Building video services for Znanstvenik u meni!


Last year, I started a competition in science communication for high school students in Croatia: Znanstvenik u meni! (ZUM, for short)

The competition has two phases:

  1. The online part: where high school students record a video about a scientific topic that they find interesting, which then get graded by a panel of scientists / science communicators, and the public
  2. The live part: where the best students from the online phase compete by performing live, in front of an audience

When we started out, we had a problem: how do we collect and store the videos?

The first year, we used AWS S3 and used Uppy to upload videos to S3, which we would then serve without transcoding. We settled for this approach because we needed something that could be developed fast and didn’t have time to consider the implications of such a solution.

This resulted in:

  • poor performance for video streaming (as we didn’t transcode the videos – serving huge files over S3)
  • unpredictable bandwidth costs (as we can’t know how many people will watch videos) which could get high at peak times
  • great stability for our website (as most of the bandwidth was handled by S3)
  • simple management and administration (as S3 is mostly straightforward to use)

As the cons clearly outweighed the benefits, we came to the conclusion that using S3 for video storage isn’t our best option and started looking into replacing it for the next year. Here’s how we hacked together a solution in six days of work.

Looking into proprietary solutions

Most cloud providers, including Amazon, do offer video services!

AWS offers them under AWS Media Services which are great, but still don’t offer predictable bandwidth costs, which isn’t ideal for us as a non-profit project on a tight budget. Elastic Transcoder is fairly priced for what it offers and it would cost us about 1 USD to convert a single video into the resolutions that we’d like to be able to serve. This would, however, come at a higher cost if we’d like to transcode to multiple formats/codecs/etc.

Azure also offers media services, which are similarly priced to AWS for transcoding, but can get pricey (for us, at least) when you include the data transfer (or CDN) and streaming endpoint costs.

We also looked into using Cloudflare Stream, which would have been the most affordable solution for us, but unfortunately, we were told that we aren’t able to use it on the Free plan (which has seemingly changed) and that we’d have to upgrade to Enterprise, which was highly above what we could afford.

As we were looking for a service that would allow us predictable and affordable pricing for data transfers and as we had a few developers on our team, we ended up building a system ourselves.

The birth of vmss

We had decent servers at our disposal which we could use to build the video infrastructure that we needed ourselves.

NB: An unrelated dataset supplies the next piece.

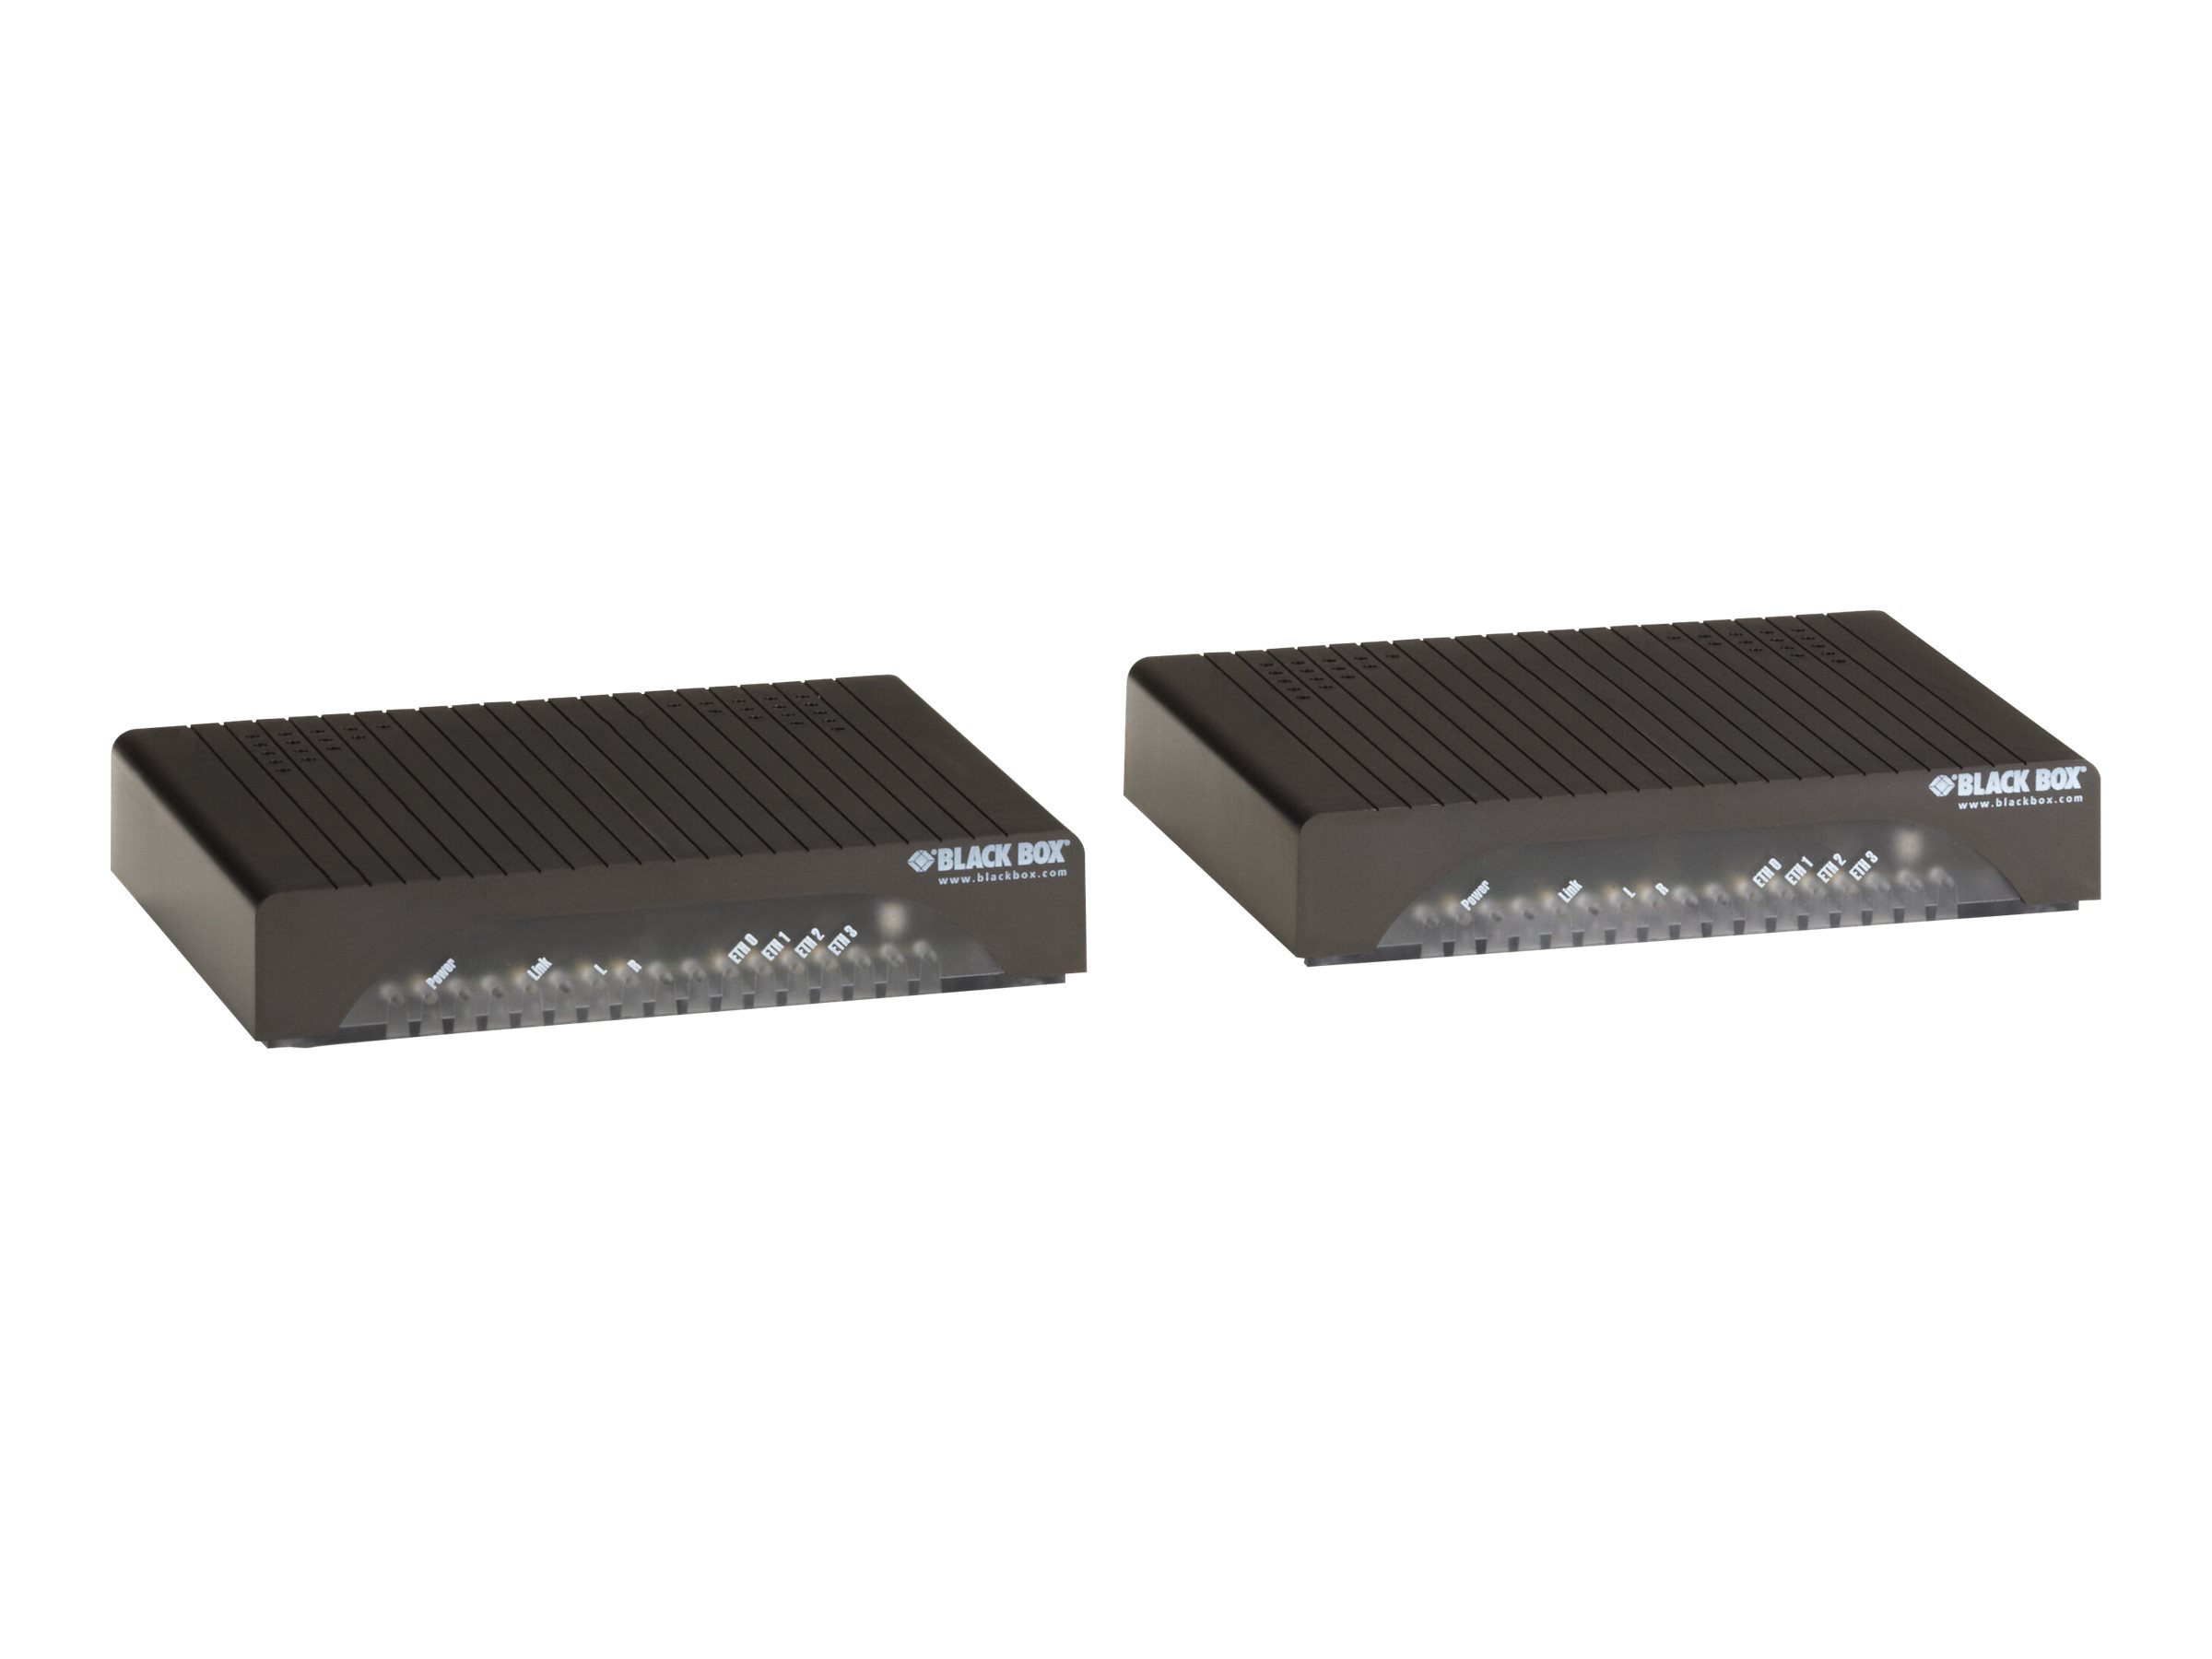 Black Box High-Speed Ethernet Extender Kit

As we failed to find an opensource solution for video management that would suit us (maybe we didn’t look hard enough), we started drafting what the system would need to do.

We needed a:

  • secure API for video uploads
  • public API to fetch video metadata
  • video transcoding system

So, one rainy day in Zagreb, a fellow contributor and I went for a cup of coffee and tried to draft how we could make that happen.

We settled on building a PHP service with a PostgreSQL database (in the end, we ended up using MariaDB – but the differences in our use case are subtle) and nginx, all while using ffmpeg to transcode. We gave it the codename vmss: video management and streaming services.

Uploading (NaN%)

Uploading was the first problem we had to solve.

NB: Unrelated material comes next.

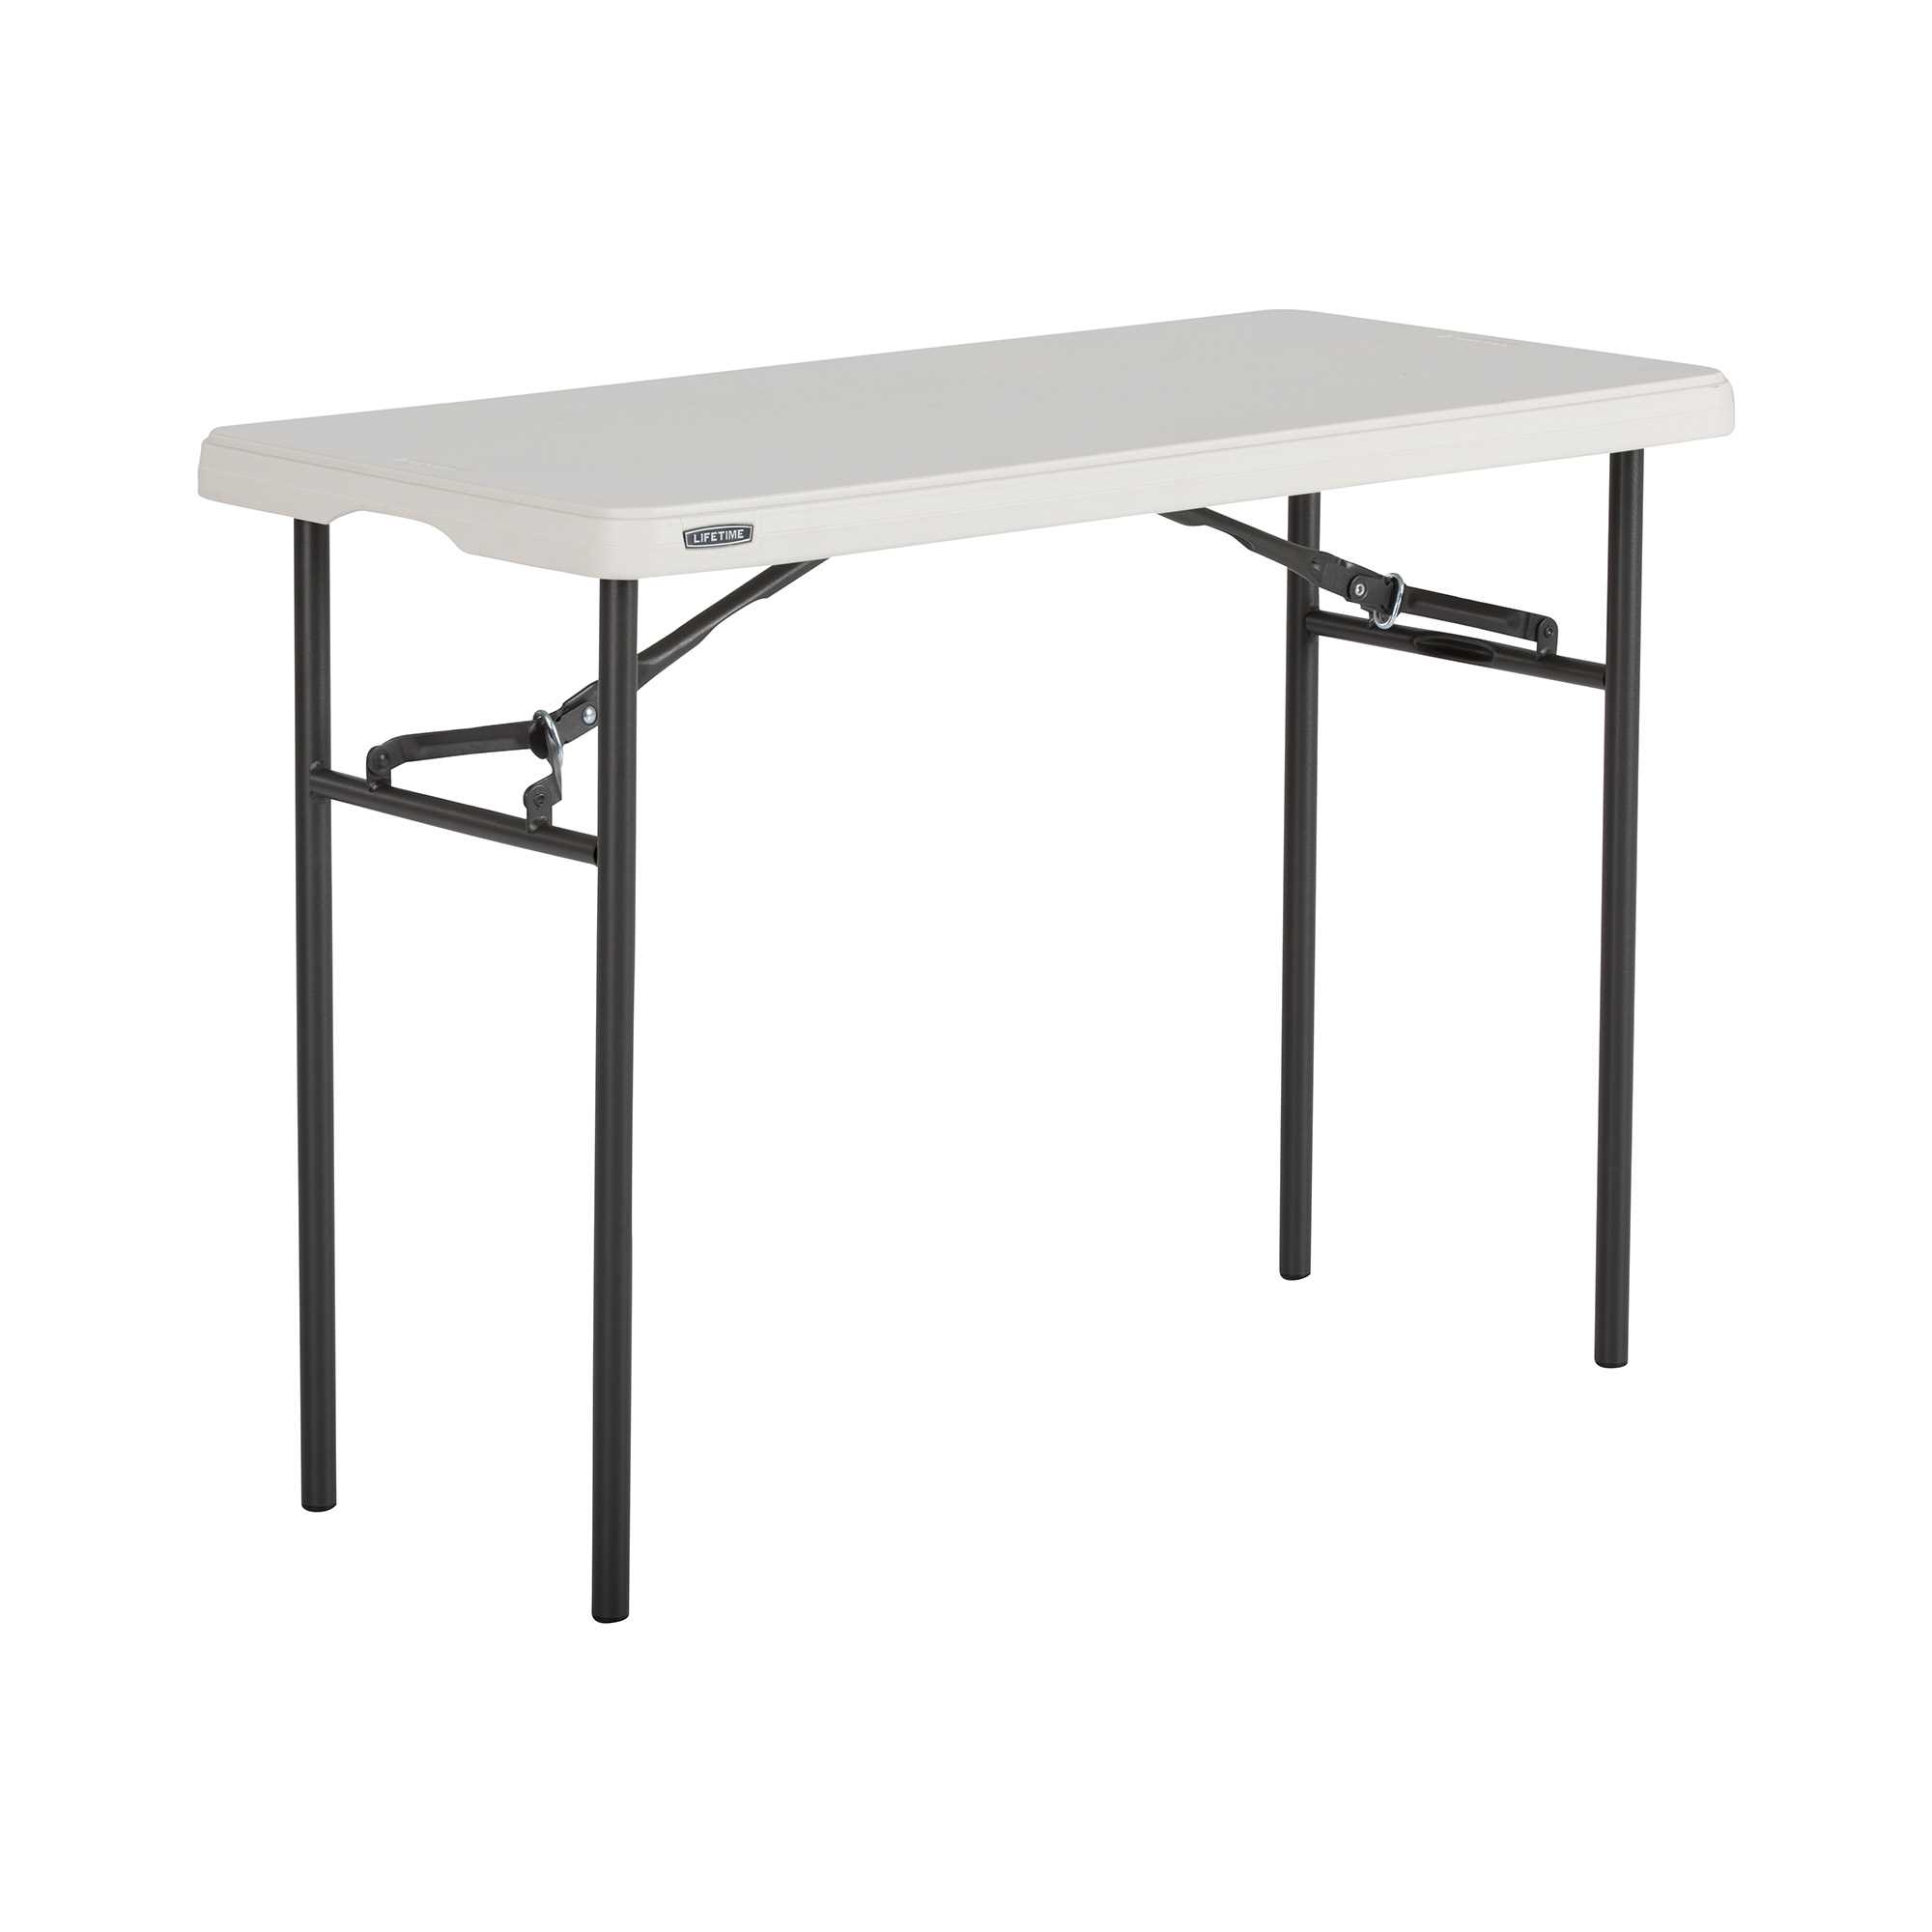 3.2ft Rectangular Folding Table 100x50 cm / 4 people / NESTING light commercial

As we didn’t want anybody uploading anything to our servers, we had to design an authentication method.

Considering that our primary use case is high school students uploading videos in a web app and that we wanted to handle uploads directly in vmss (instead of using the application web app as a proxy for uploads), we decided to issue a secret key to every client app (in this particular case, the web app) which the app could use to fetch a nonce from the API on the backend. This nonce would then be used to authenticate users trying to access the upload endpoint and would be invalidated after a user uploaded their video.

After a video is uploaded, vmss stores it on the server, adds a record of it existing to the database and adds it to the transcoding queue.


The fun part! (Kidding)

Writing a service for video transcoding is a problem that seems trivial until you actually have to do it.

As you start to build a transcoding service, a few questions arise:

What do I transcode… to?

As you’re (probably) limited by the resources at your disposal, you need as little transcoding operations as you could possibly get away with, so what do you transcode to? You can’t transcode to every known container and codec, and a lot of them have a significant amount of legal… annoyances regarding them.

As far as video goes, your best bet is using WebM with VP8 and Vorbis, but MP4 with H.264 and AAC is also good if you want to deal with MPEG legalese. Currently, vmss by default transcodes to both WebM and MPEG for maximum compatibility, but is configurable and will probably change in the future.

So, after considering what container and codecs you’ll use, what resolutions do you transcode to?

This highly depends on what your use case is:

  • if you’re targeting users with high speed internet, you could get away with using 720p as your base resolution
  • if you’re targeting users who could have really low internet speeds, you’ll probably need to target 144p

As Croatia has decent-enough internet speeds and as we wanted to transcode fast, we ended up targeting four resolutions: 360p and 480p, which provide a decent streaming experience on low speed connections and 720p/1080p which provide a decent viewing experience on high speed connections. As we didn’t have many people uploading in resolutions higher than 1080p, we didn’t feel the need to try to transcode to higher resolutions.

How do I transcode?

This is where the fun starts in PHP!

There’s a pretty good PHP library called PHP-FFMpeg for interfacing with ffmpeg which allows you to deal with videos as PHP objects.

This allows you to write clean, understandable code without having to remember the man pages for ffmpeg.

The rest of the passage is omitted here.